Mortgage brokers, renamed loan originators by new legislation, are responsible for verifying that loan applicants are financially qualified. They are paid a commission by the lender, typically between 0.5 and 1.25 percent of the loan or $500 to $1,250 per $100,000. They may also work for banks or even double as real estate agents.

In Florida, many were committing fraud. For the past two years, the state has led the nation by far in mortgage fraud and has been at or near the top in many prior years. Florida accounted for more than 27 percent of all home loans nationally that were investigated in 2010, the LesixNexis Mortgage Asset Research Institute reported in May.

In 2008, The Miami Herald found that the state had licensed 4,000 brokers who had criminal backgrounds, with members of that group committing $85 million in fraud. Many of them were setting up straw buyers to qualify for mortgages and then stole the money.

Cases like these led to more regulation.

A Florida law that took effect late last year ramped up requirements for brokers and lenders. They now must renew their licenses annually, and the cost of the application fee and collateral costs increased $50 to $332. The renewal cost is $254, an increase of $104. The new laws also require annual criminal background checks for license renewals and disqualify people from ever obtaining licenses if they've been convicted of any felony that includes fraud.

On the federal level, the Dodd-Frank Act passed last year put new restrictions on the types of mortgages that can be written and removed lender incentives for steering borrowers to high-cost loans. The feds in 2008 also passed the SAFE act, which requires each loan originator to complete 20 hours of pre-license education and an additional eight hours of continuing education each year.

Broker Linda Knowlton said the system has swung from one extreme to the other.

"There just weren't any checks and balances in the system," said Knowlton, vice president of Mortgage Group Services in Fort Myers. "There are now so many it's sometimes difficult to do your jobs."

But even with the tougher regulations, the crime continues. In late April, state law enforcement officials announced they had arrested five people in Tampa for their roles in a mortgage fraud scheme. Fifty fraudulent residential mortgage loan applications and associated documents allegedly were sent to lenders in several counties in west-central Florida.

Just a month earlier, state authorities and the Flagler County Sheriff's Office arrested 11 people from the Miami area on racketeering charges after a two-year investigation. That case also allegedly involved mortgage brokers in Flagler, Volusia and Lake counties in east-central Florida. The investigation, named "Operation Fast Cash Kickback," found falsified appraisals among several other schemes.

The penalties can be severe. Earlier this year, the former president of a New Jersey-based mortgage company was sentenced to 14 years in federal prison for orchestrating a $136 million fraud.

But even for honest brokers, it has been a tough business to stay with.

Kristi Endres earned some $250,000 annually for three straight years from 2004 to 2006 writing mortgages in the overheated Fort Myers market. The housing bust not only got her, but her husband, John, who had a profitable excavating business in southwest Florida, the part of the state hardest hit by the housing crisis.

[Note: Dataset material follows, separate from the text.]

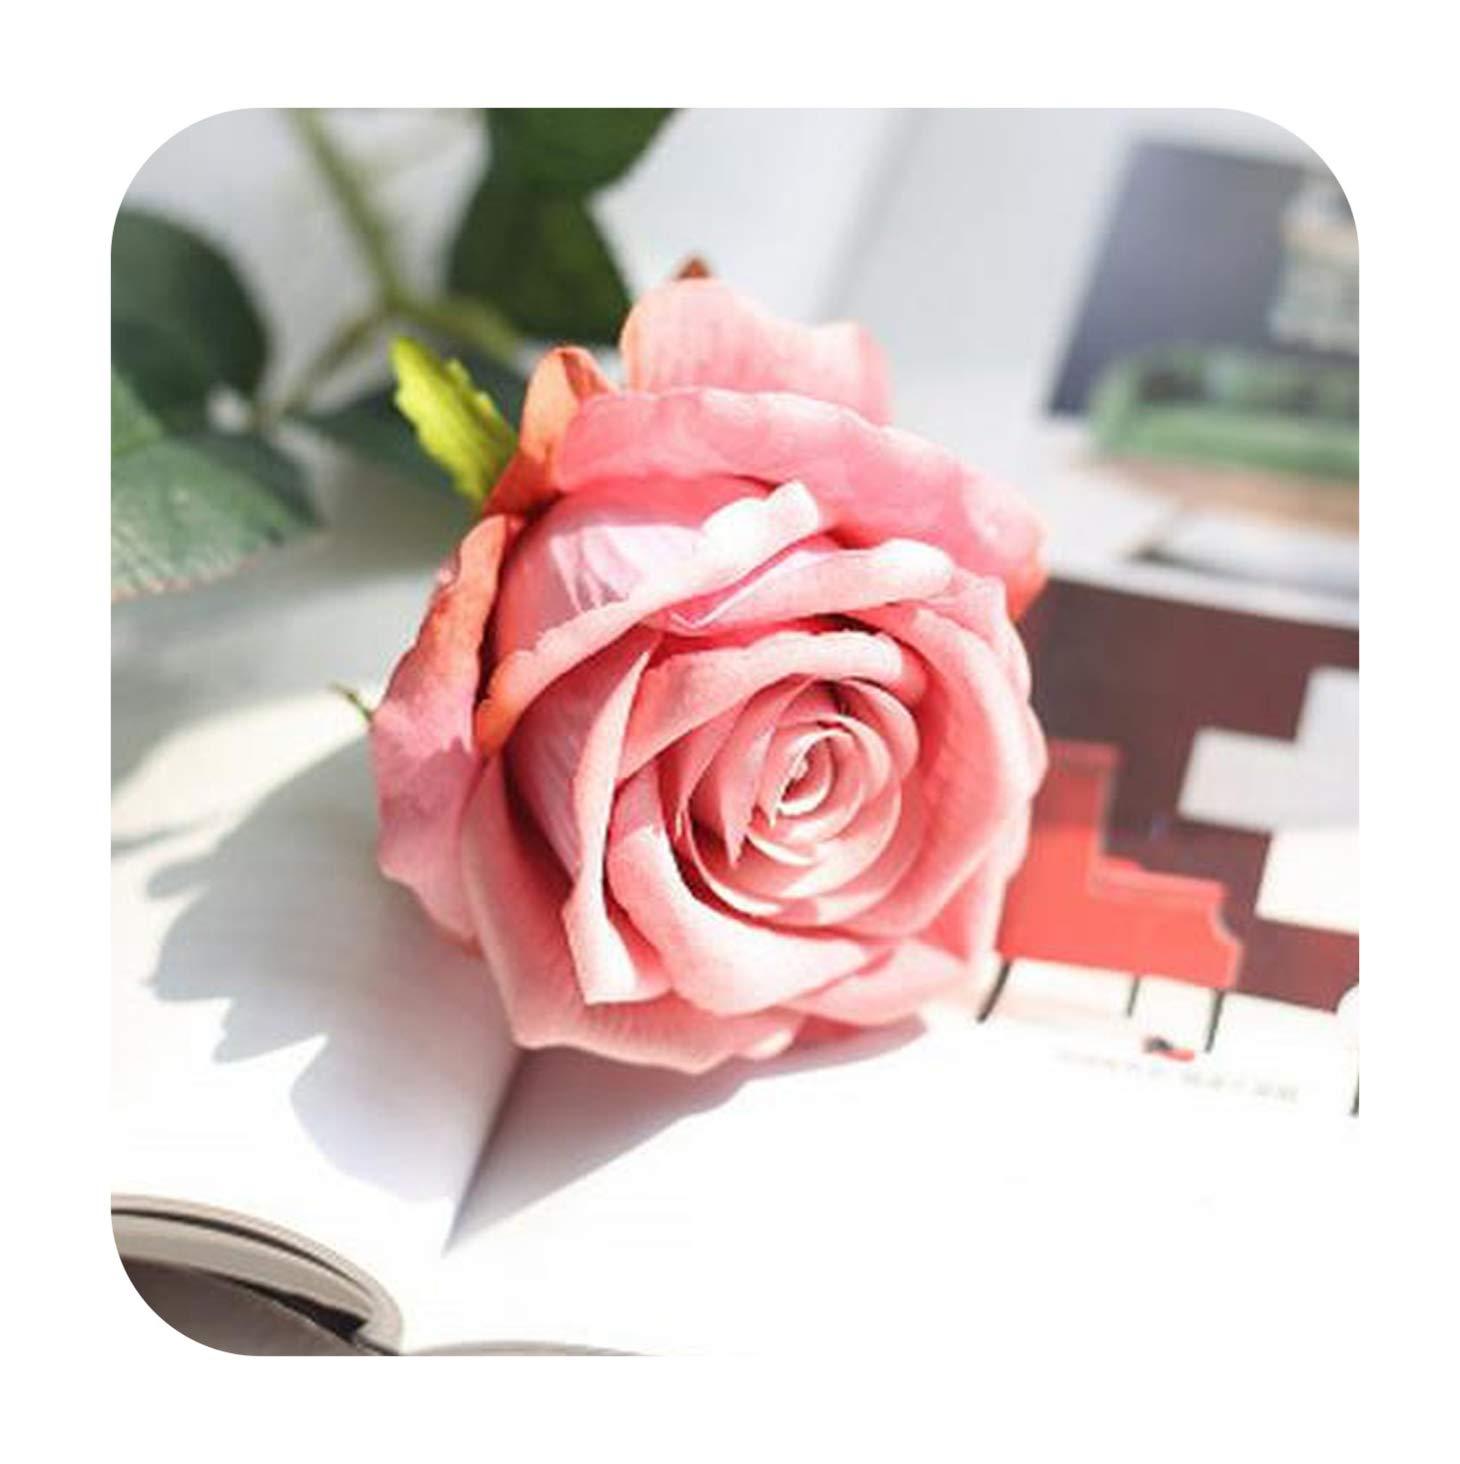 造花 10個/ロット ウェディングデコレーション ローズ造花 ロマンチックな日付/パーティー用ローズシルクフラワーブーケ B07Q3KKWWT 8

"We pretty much lost everything," said Endres, who is living this summer in Madison, Wis., where her husband has found work. "Before we lost every dime we ever had we finally decided we had to pack it in."

They sold their waterfront home for a third of the once-appraised $750,000 price and are buying a 40-foot motorhome so they can travel to places where they find work.

She has returned to school and earned a degree so she can work as a physicians' assistant. "We all take our hard knocks and learn from it," said Endres, who lived in Florida for 28 years and still returns for winters and maintains residency in the state.

"Our story is very similar to a lot of other people we know," she said. "Most of my friends lost pretty much everything they had."

Ferrie said even though the tightened rules have hurt some, overall they've been good for the industry.

"The qualified ones are still out there," he said. "The lenders are still loaning money, but they've tightened their belts because of the guidelines. The leniency has gone away."